Still, for all their sacrifices, preaching to the Japanese was like trying to cleave water. The Japanese would smile, bow and say anything to move a gaijin along. Or would accept Jesus as a mere backup to Buddha. The truth was that for all their efforts, while Christian missions gathered converts by the millions in China and Korea, missions in Japan were a failure. Not just Baptists, all missions. It was for Roger, however, a personal failure, a crown of thorns sharp with mockery. He and Harriet would return to Tokyo exhausted only to see Orin wasted by drink, and their son Harry a sort of amphibian, neither honest nor stupid, neither adult nor innocent, neither American nor Japanese.

Harry found his parents’ visits like sharing quarters with the hounds of hell. It was embarrassingly clear when the family attended services how little of Harry the congregation had seen.
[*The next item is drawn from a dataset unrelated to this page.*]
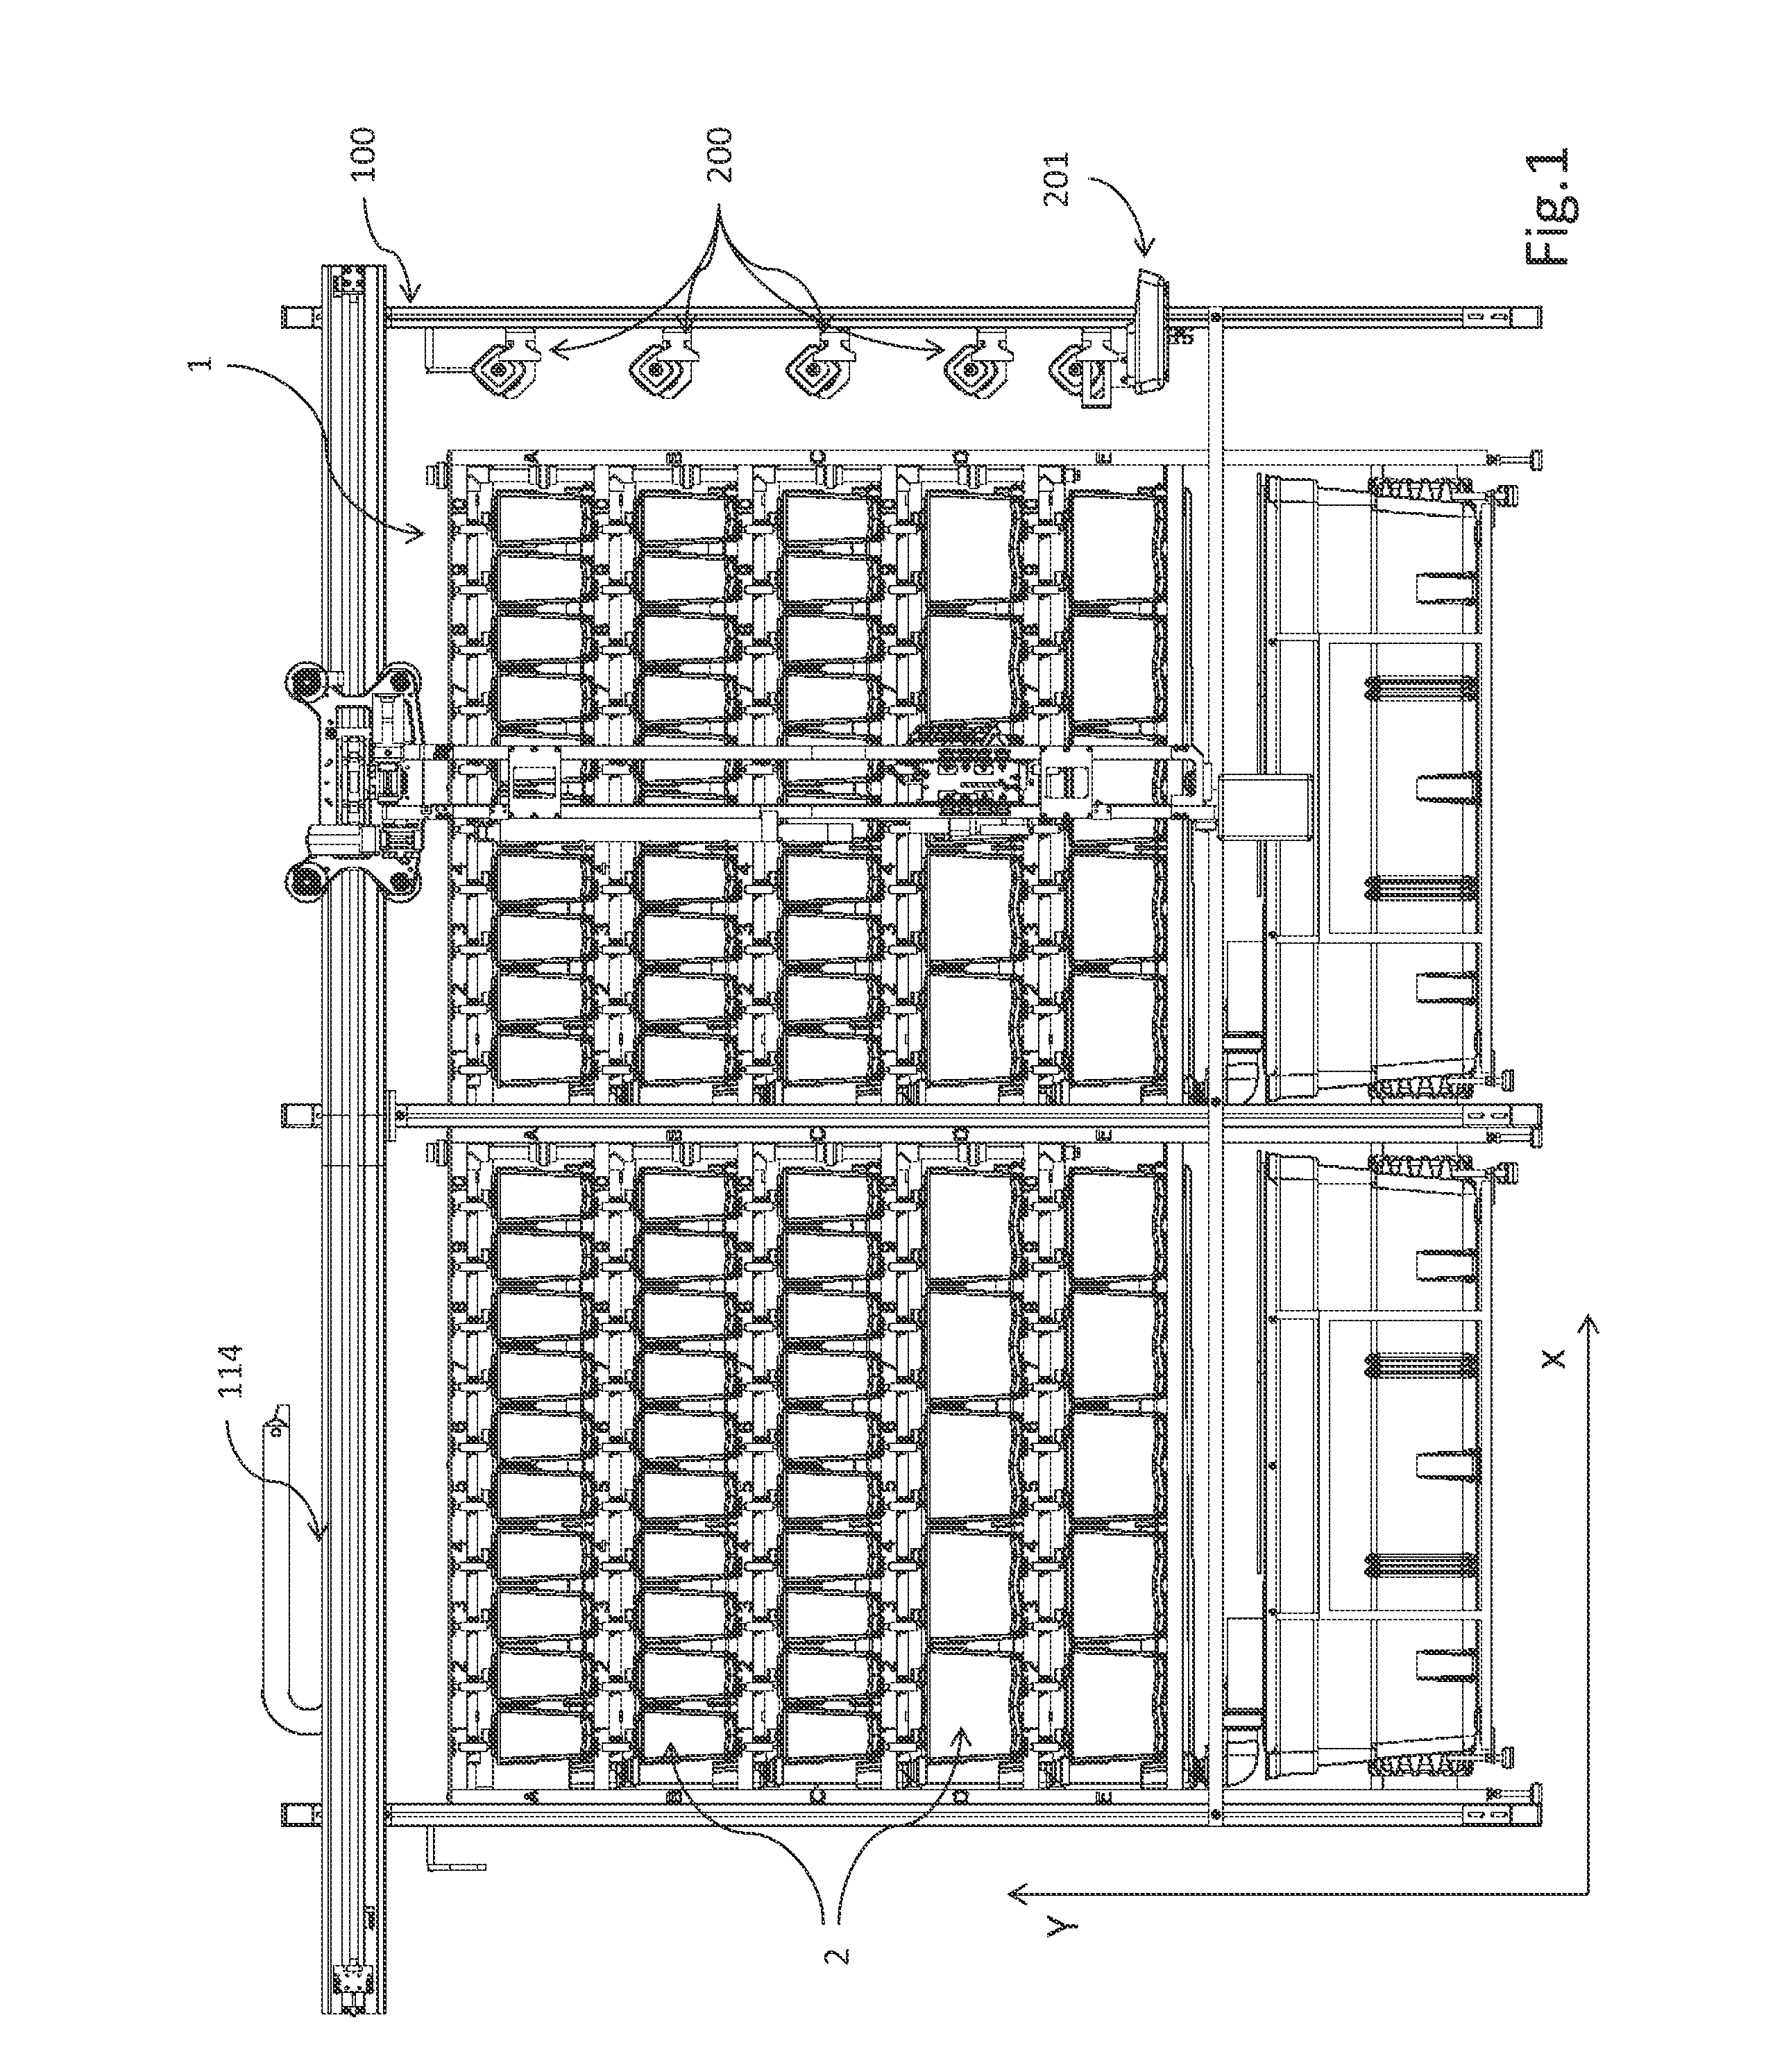 Automated system for controlled distribution of substances to animal containment devices in an animal housing facility

Harry had the Bible down, though. The wild-eyed revelations of Saint John the Divine were Scripture Harry had memorized as an insurance policy for whenever his father examined him about the condition of his soul or the imminence of Judgment Day. All the same, Harry’s every word and move were followed by eyes quick to catch any deviation from a norm that was alien to him. He didn’t remind Roger and Harriet of themselves. He preferred sandals to shoes, samurai to cowboys, raw fish to red meat. Harry didn’t bring home tow-haired friends to play with; he didn’t bring friends at all, because he wasn’t going to expose his parents to a gang that included the unwashed Kaga twins or a criminal-in-training like Tetsu. So Roger and Harriet were only too happy to accept an invitation to Fourth of July celebrations at the American embassy. The entire American community would be there. It would be like going home.
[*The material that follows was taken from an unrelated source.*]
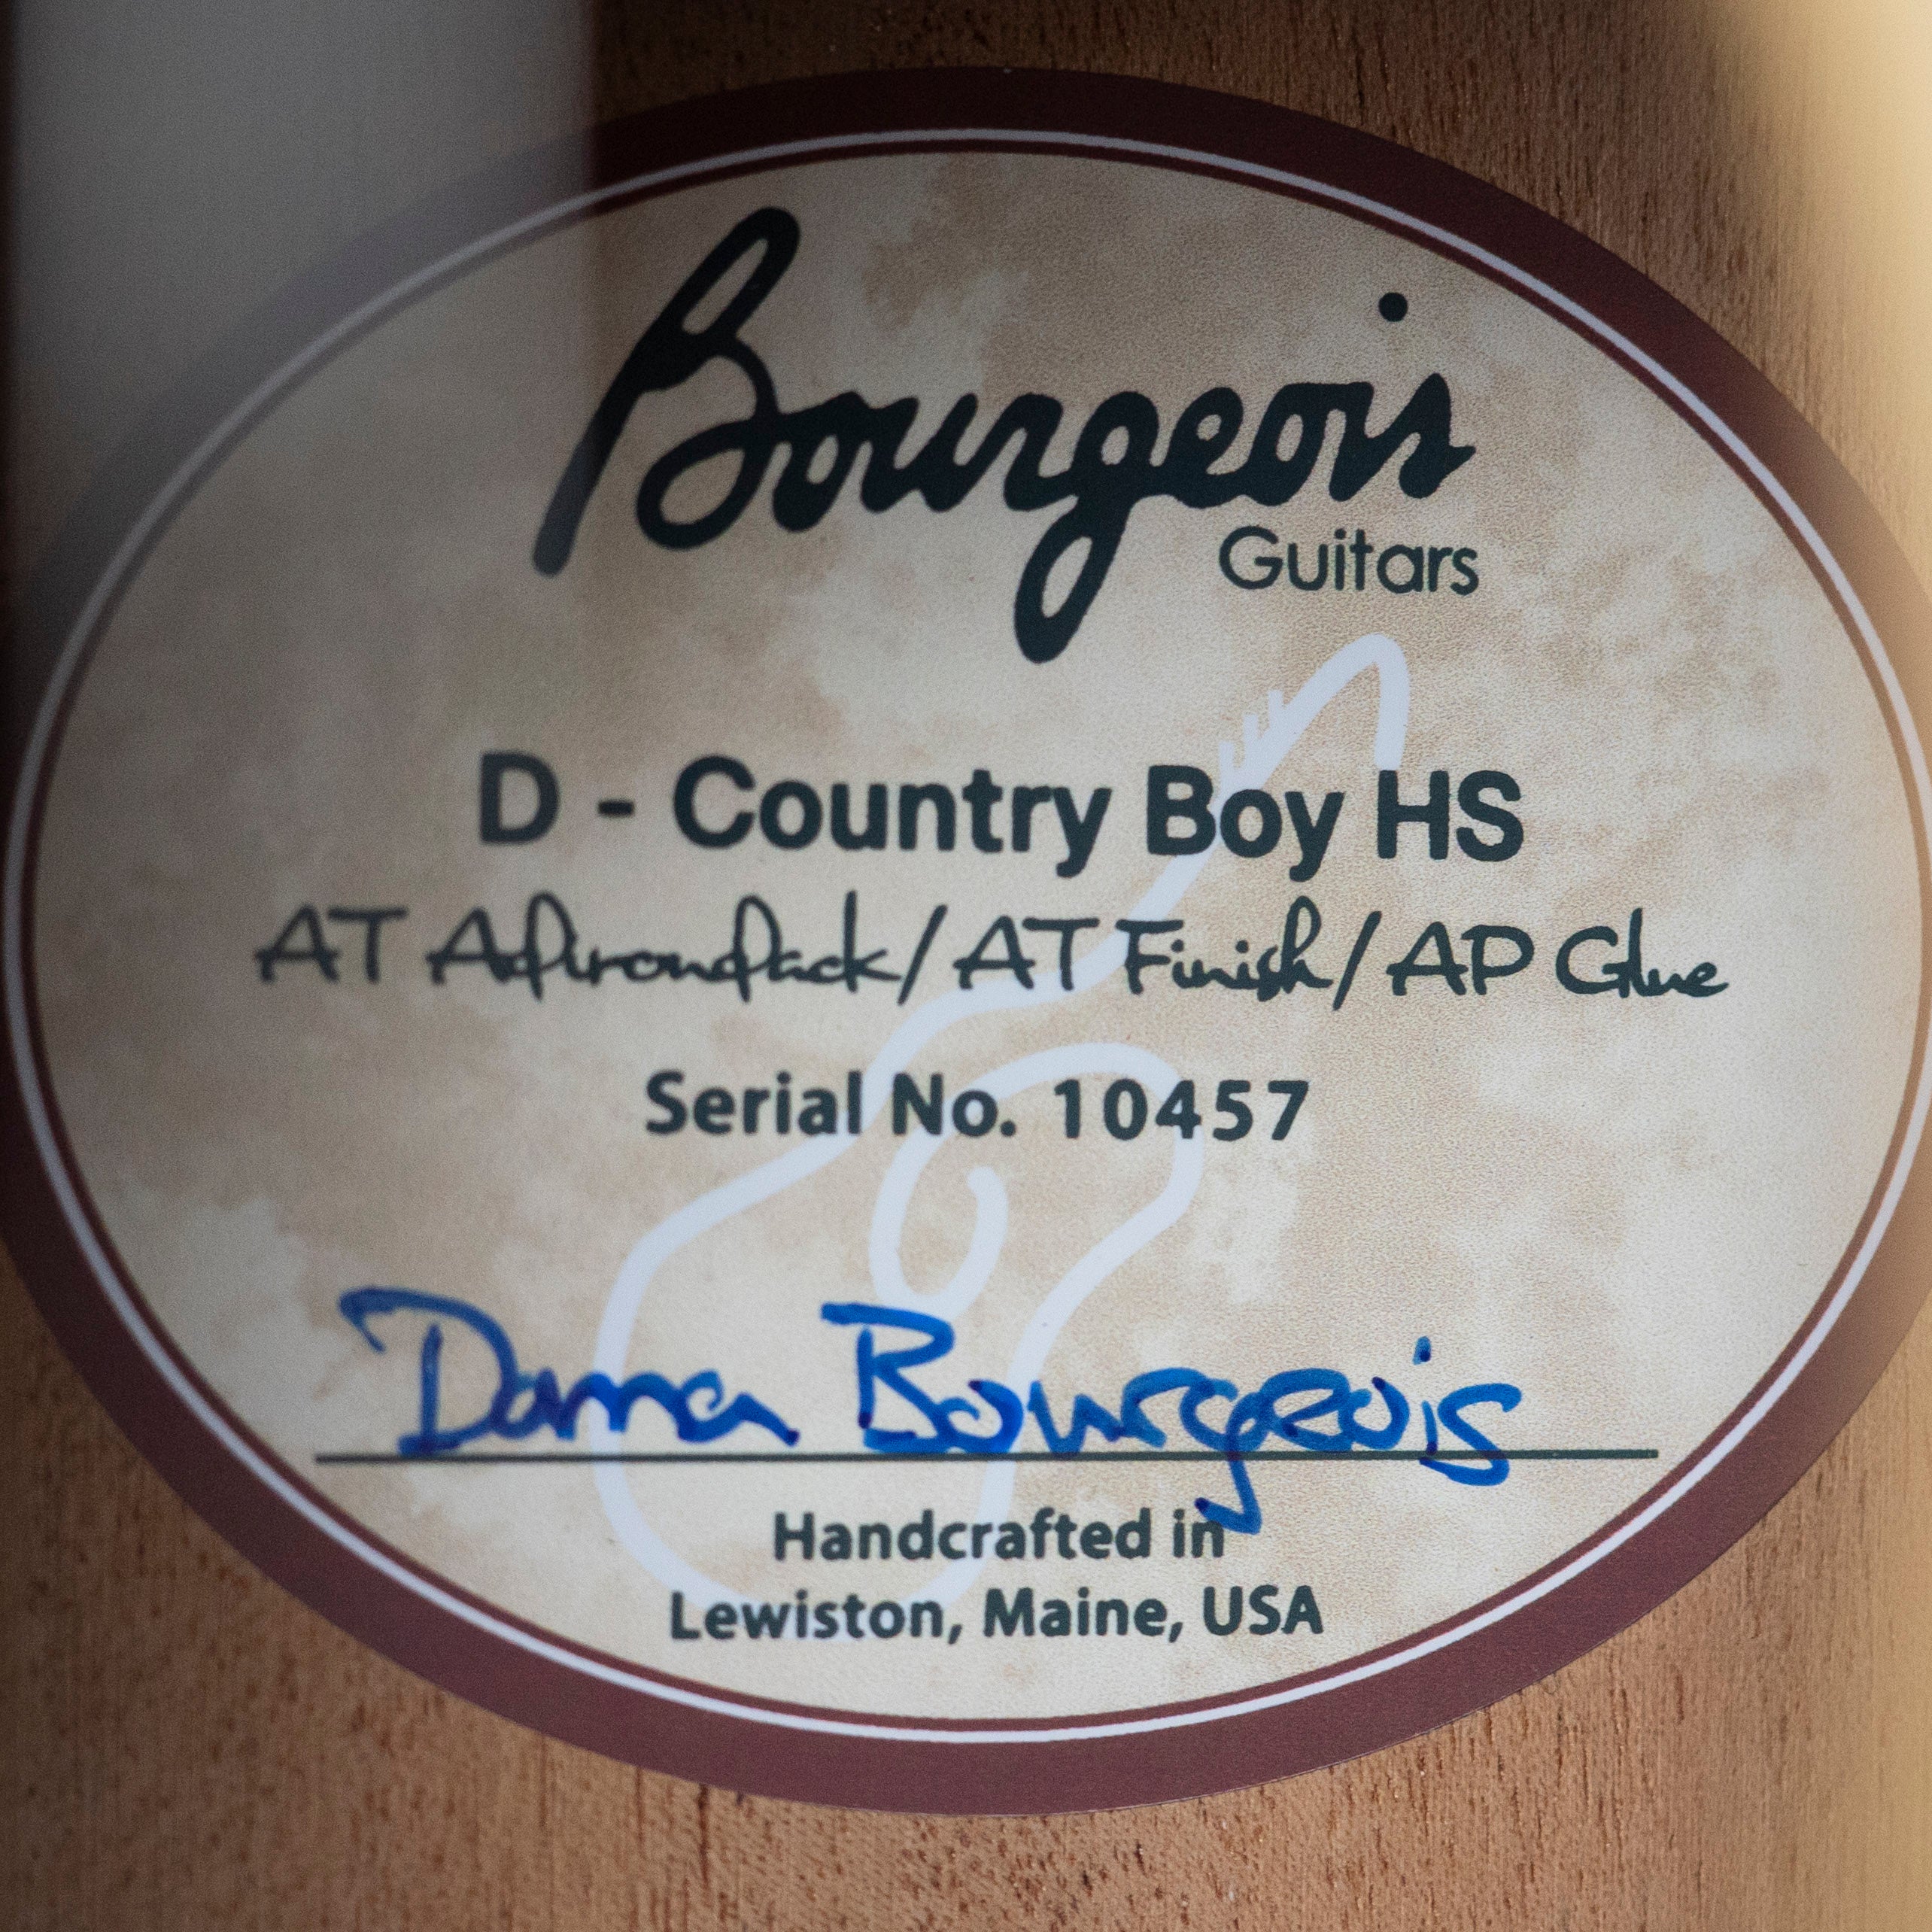 Bourgeois D Country Boy Heirloom Series

Came the Glorious Fourth, and the embassy garden was decorated with bunting and paper lanterns in red, white and blue. On the terraces, Japanese staff in kimonos with American-eagle crests set out tables of tea sandwiches, deviled eggs, cucumber salad, sweet pickles, angel food cake and lemonade. Adults followed a path edged in azaleas to join a champagne reception in the ambassador’s residence, a white clapboard house and porch that could have been found in Ohio. Outside, children were entertained by blindman’s buff and potato-sack races across the lawn.

“This is actually American territory, Harry,” Harriet said.

“We’re in Japan.”

“Yes,” Roger Niles said, “but legally an embassy is the territory of the country of the ambassador. The American ambassador runs things here.”

“The emperor rules all Japan.”

“Not here,” Roger said.

Harriet said, “You’re in America just as if you were standing at the Washington Monument. And look, American kids.”

Harry was miserable. All the other American children in Tokyo went to the American School. He didn’t know them and he didn’t want to know them. Dressed in a new suit and oxfords, he felt as if he were in disguise. Also, it was embarrassing to see how pleased his mother was to visit the embassy. She believed that the special events in life were like a sachet in a suitcase, it sweetened the clothes and didn’t make the luggage one bit heavier. Besides, after a year of traveling among strangers, it was a relief for her to be patriotic, to be an American among Americans. She squinted up to admire how the Stars and Stripes basked in the rays of descending sun. There were supposed to be fireworks in the evening and skits performed by the kids. What Harry was going to do, he wouldn’t say.